Exercise directions:
Within the entries below, please return exactly the lines from the one with "Troy Lighting 1" through the one with "Pet Bed 918", leaving out any pictures.
++++ Task data
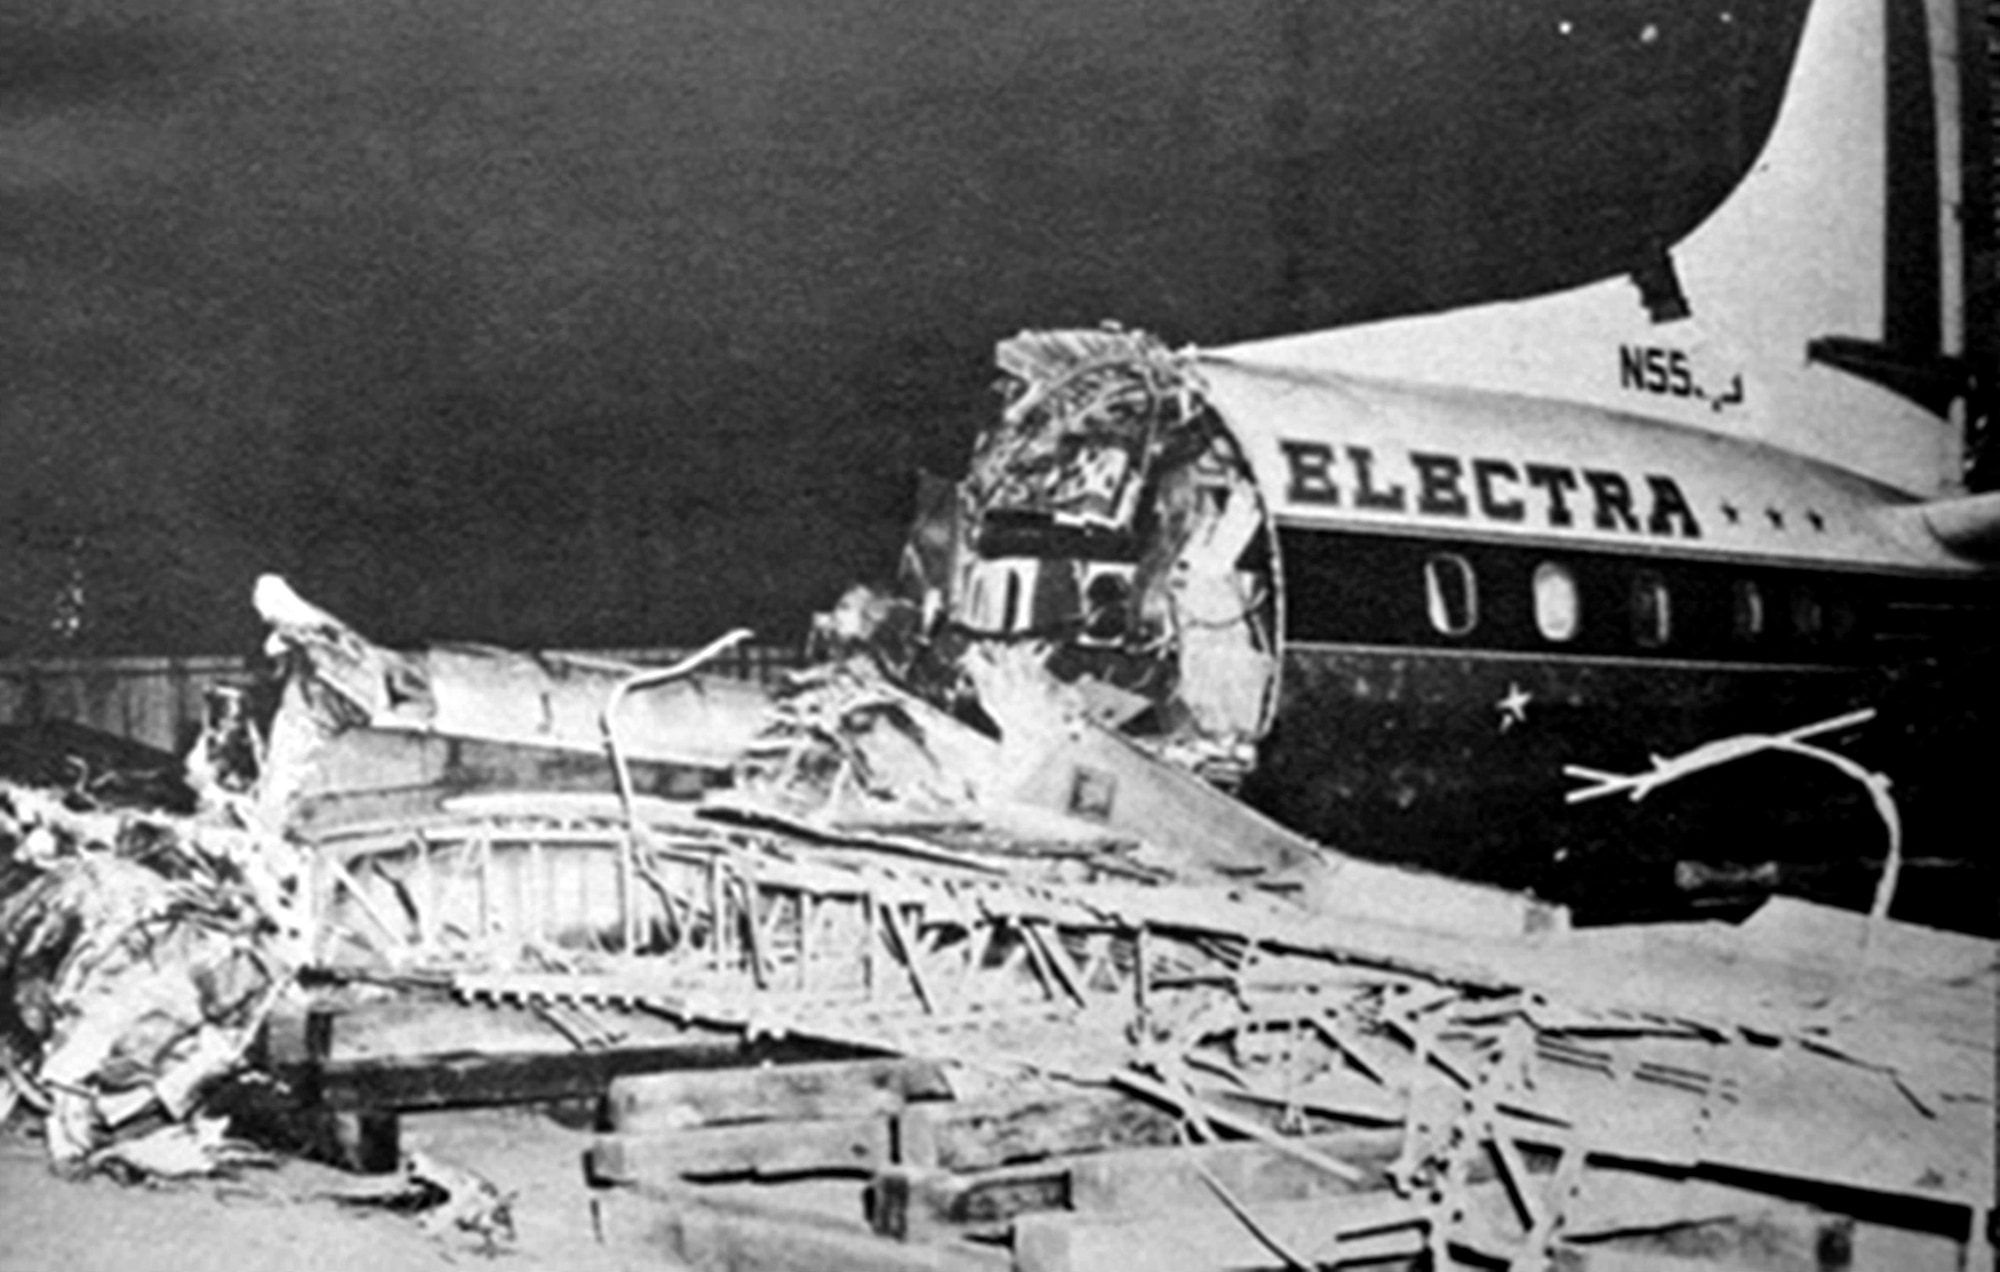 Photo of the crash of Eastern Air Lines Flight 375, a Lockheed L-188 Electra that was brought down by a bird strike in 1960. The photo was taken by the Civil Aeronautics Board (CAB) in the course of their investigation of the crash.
++++++++
++++ Task data
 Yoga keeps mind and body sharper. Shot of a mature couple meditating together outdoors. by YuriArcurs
++++++++
++++ Task data
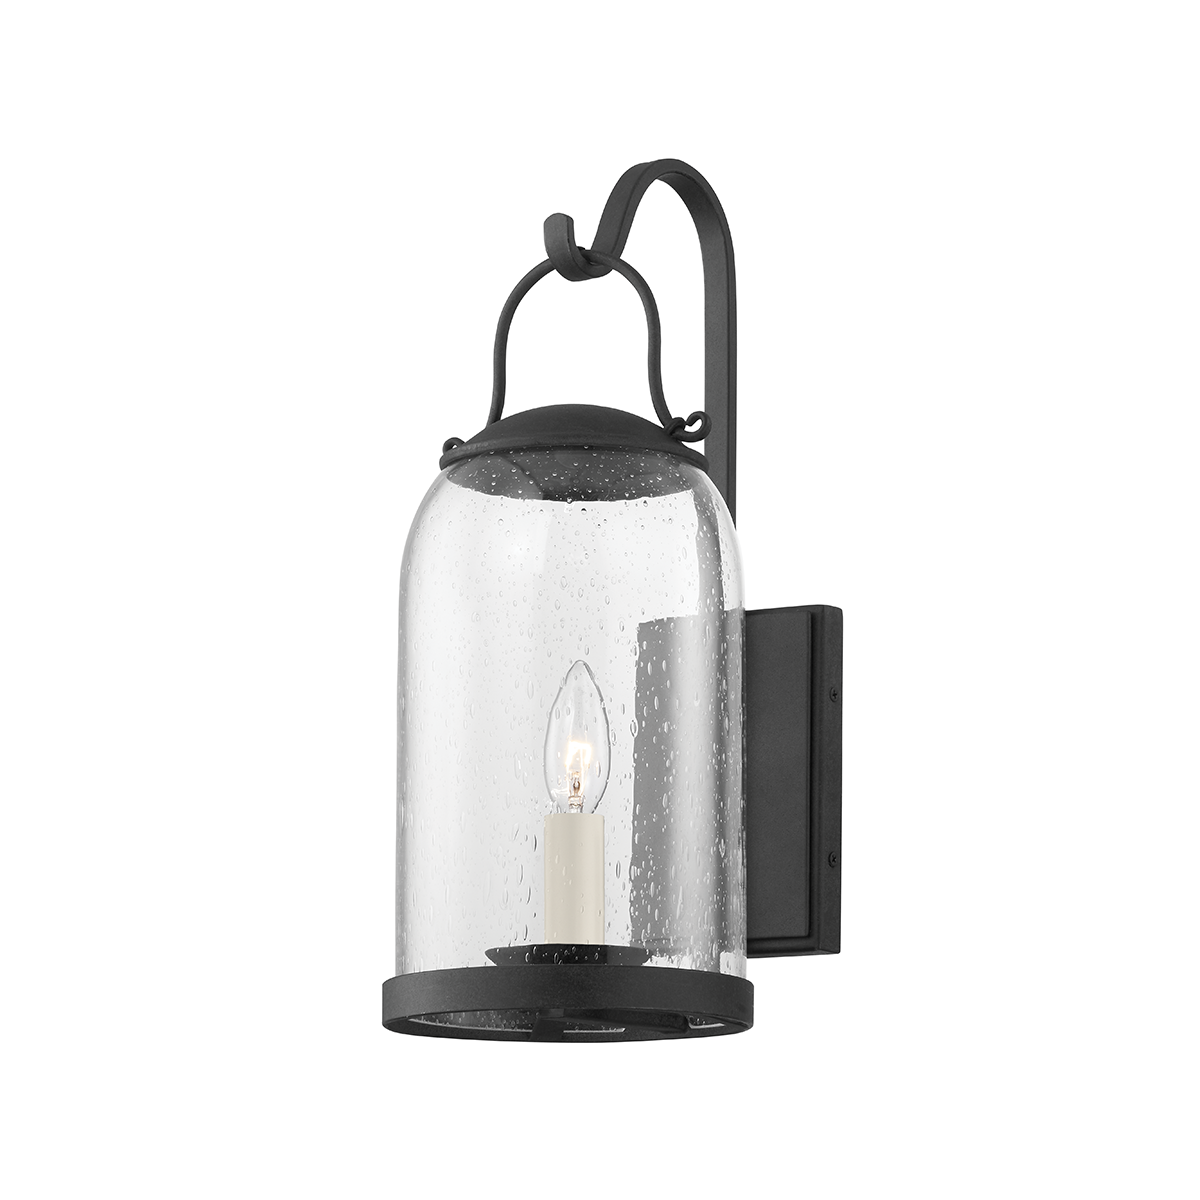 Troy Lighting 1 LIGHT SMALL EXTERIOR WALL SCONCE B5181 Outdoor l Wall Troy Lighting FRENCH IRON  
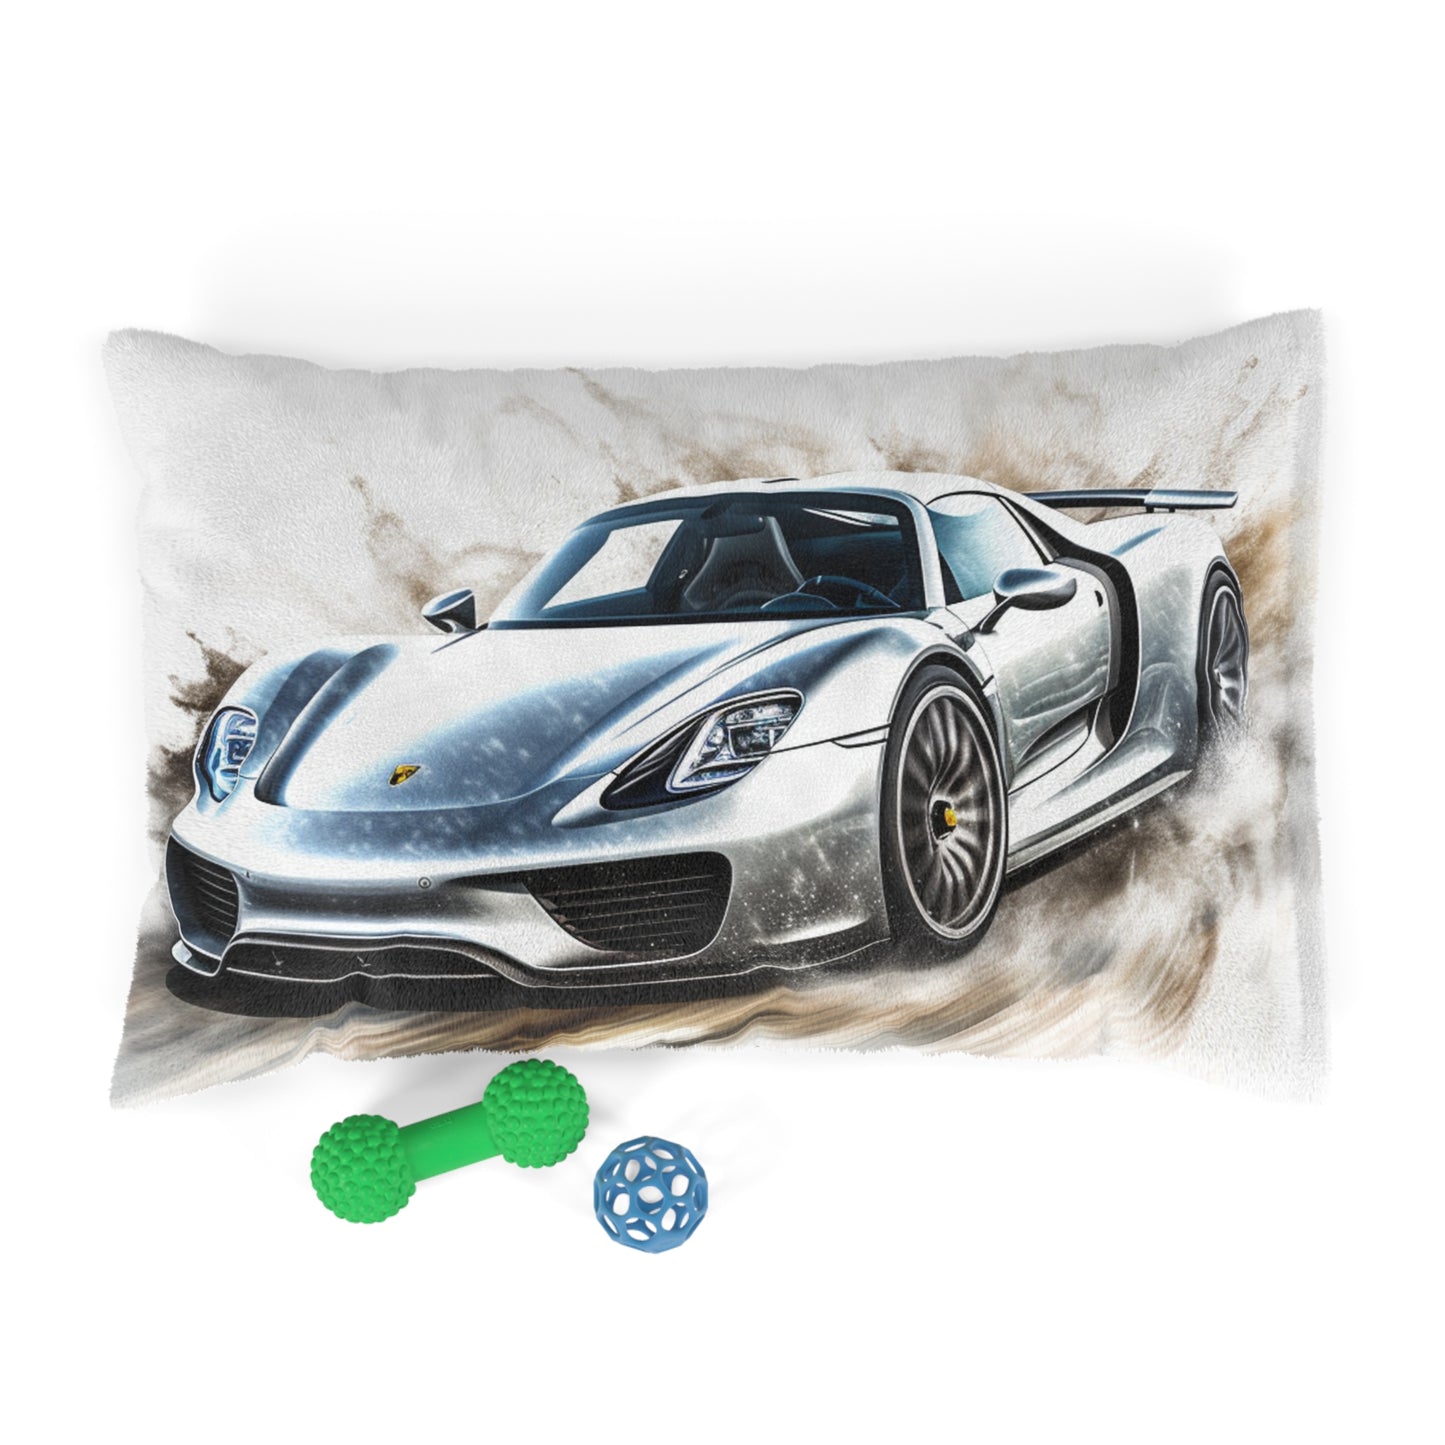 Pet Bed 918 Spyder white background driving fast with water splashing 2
++++++++
Response box:
 Troy Lighting 1 LIGHT SMALL EXTERIOR WALL SCONCE B5181 Outdoor l Wall Troy Lighting FRENCH IRON  
 Pet Bed 918 Spyder white background driving fast with water splashing 2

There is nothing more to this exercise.